A la hora de hacer la película, sin embargo, Trillian no convenció a quien debía y alguien, seguramente delante de un Power Point, tuvo la idea de cambiar al personaje y su rol en la historia para que jugase un papel —atención, sorpresa— más femenino. Ahora Trillian sería el vértice de un triángulo amoroso entre ella, Zaphod y Arthur y hasta llegaría a mantener una relación romántica con el protagonista, algo que en modo alguno ocurre en los cinco libros originales de la Guía o en los seriales radiofónicos. Para ello se la desproveyó de buena parte de sus gags y se confeccionó una subtrama nueva en la que la chica —atención, más sorpresas— resultaba secuestrada y en la que los hombres —festival de las sorpresas— tenían que rescatarla de las garras de los malos. En conjunto, los personajes dejaron de ser un cuarteto dividido en dos pares —Arthur y Ford, Zaphod y Trillian— para convertirse en un trío de carismas —Arthur, Ford y Zaphod— al que se suma un personaje femenino que juega el papel, en efecto, de personaje femenino. La repetición significa que lo decimos con retintín.
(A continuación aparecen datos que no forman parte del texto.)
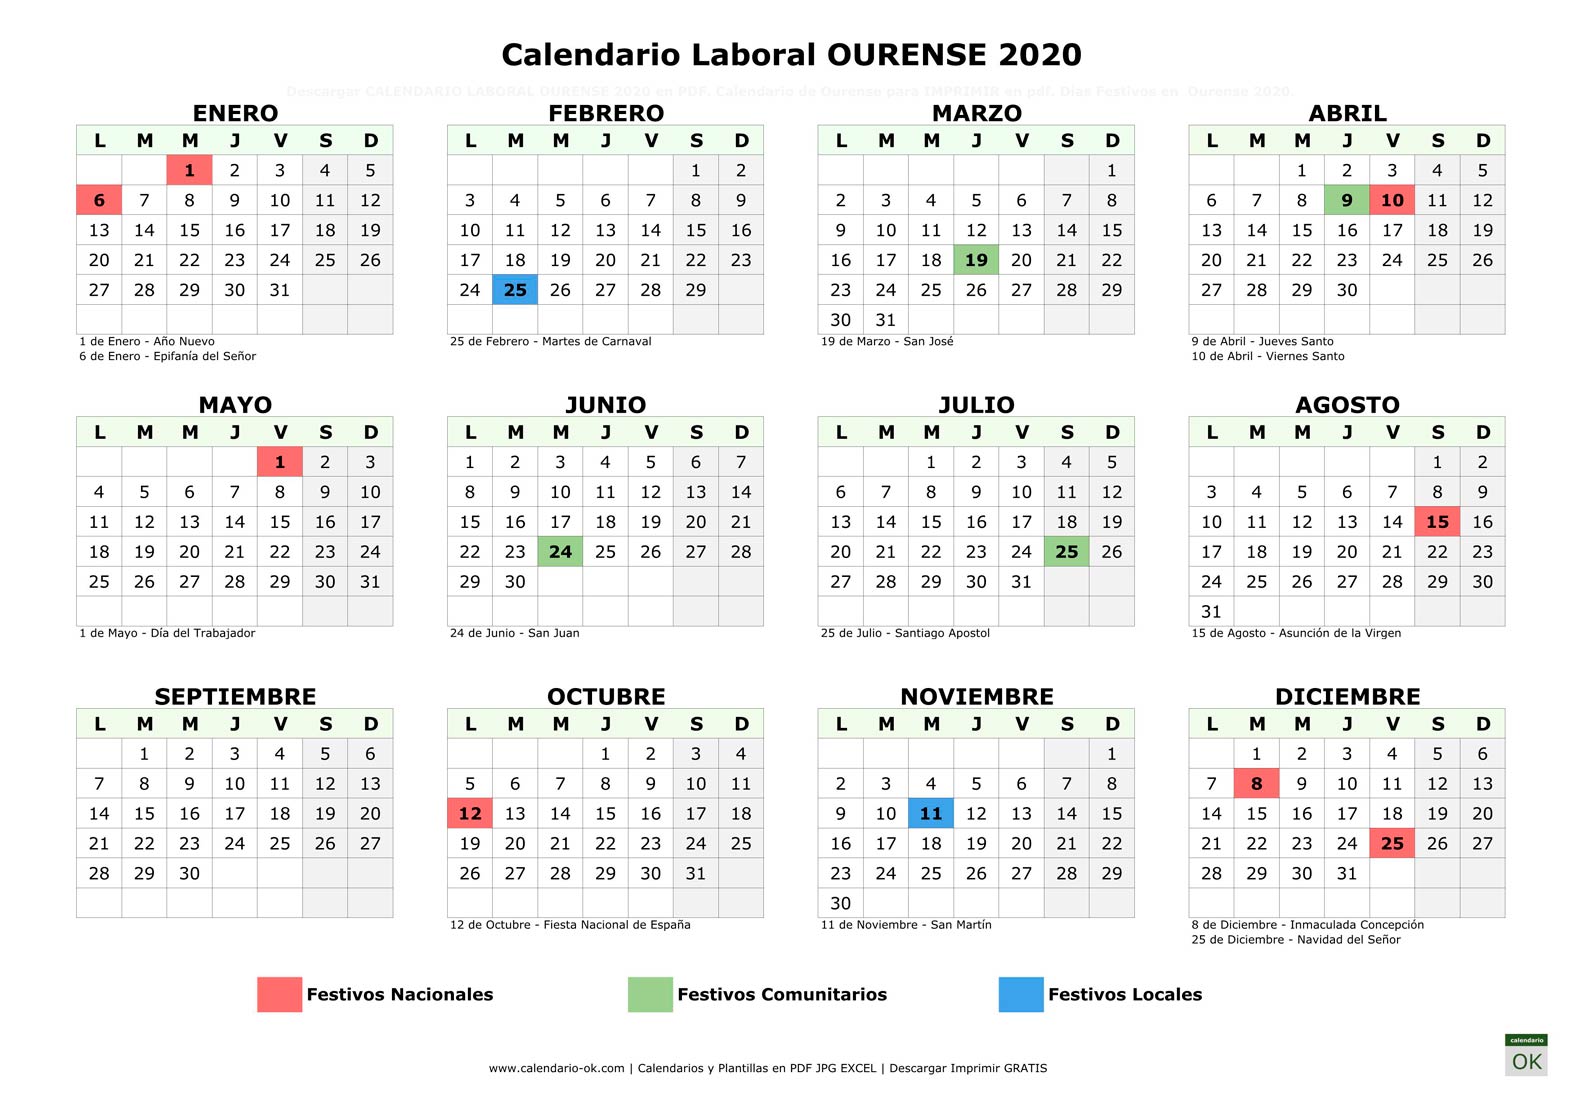 Calendario Laboral OURENSE 2020 horizontal

Fueron los cambios operados en este sentido los que arruinaron sin remedio el guión de la Guía del autoestopista galáctico. Pensemos, por ejemplo, en el poderoso paralelismo con el que arranca la Guía, aquel entre la demolición de la casa de Arthur y la destrucción de la Tierra. En la película desaparece, neutralizado por un flashback insertado con calzador entre uno y otro hecho para meternos por los ojos a Trillian y arruinar, por cierto, la sorpresa de que ella y Arthur se conocieran, que Adams reservó para un punto avanzado del libro. Pensemos en la trama que arranca a partir de ahí, que originalmente embarcaba a los protagonistas en una aventura que les llevará a conocer la verdadera naturaleza del planeta Tierra —que se dice pronto— y pensemos en cómo en la película el viaje se ve interrumpido para que Trillian resulte raptada, rescatada y después poder continuar. Pensemos en el ordenador Pensamiento Profundo y en su célebre respuesta a la pregunta sobre el «sentido de la vida, el universo y todo lo demás» (4), en el cachalote y el enigmático tiesto de petunias que se materializan en Magrathea fruto de la improbabilidad y en todos los otros chistes deliciosamente existencialistas y sui generis de la Guía. Originalmente marcaban el rumbo fundamental de la trama, pero en la película solo recibe continuidad la historia de amor que Adams nunca escribió y lo demás —la verdadera comedia de ciencia ficción— ha sido picado para que le sirva como aderezo. Incluso las novedades más anecdóticas del guión respecto a la novela lo son al servicio del romance hueco y convencional del protagonista y su chica, entre ellas el arma del punto de vista. Fue una idea original de Adams, sin duda ocurrente y graciosa, pero en el texto que se rodó sirve solo para que Trillian la acabe empuñando contra Zaphod y se dé así cuenta de que a quien ama realmente es a Arthur. Y hasta llora con el descubrimiento, no te lo pierdas. Llora, sí. De pena y de tristeza. En la Guía del autoestopista galáctico.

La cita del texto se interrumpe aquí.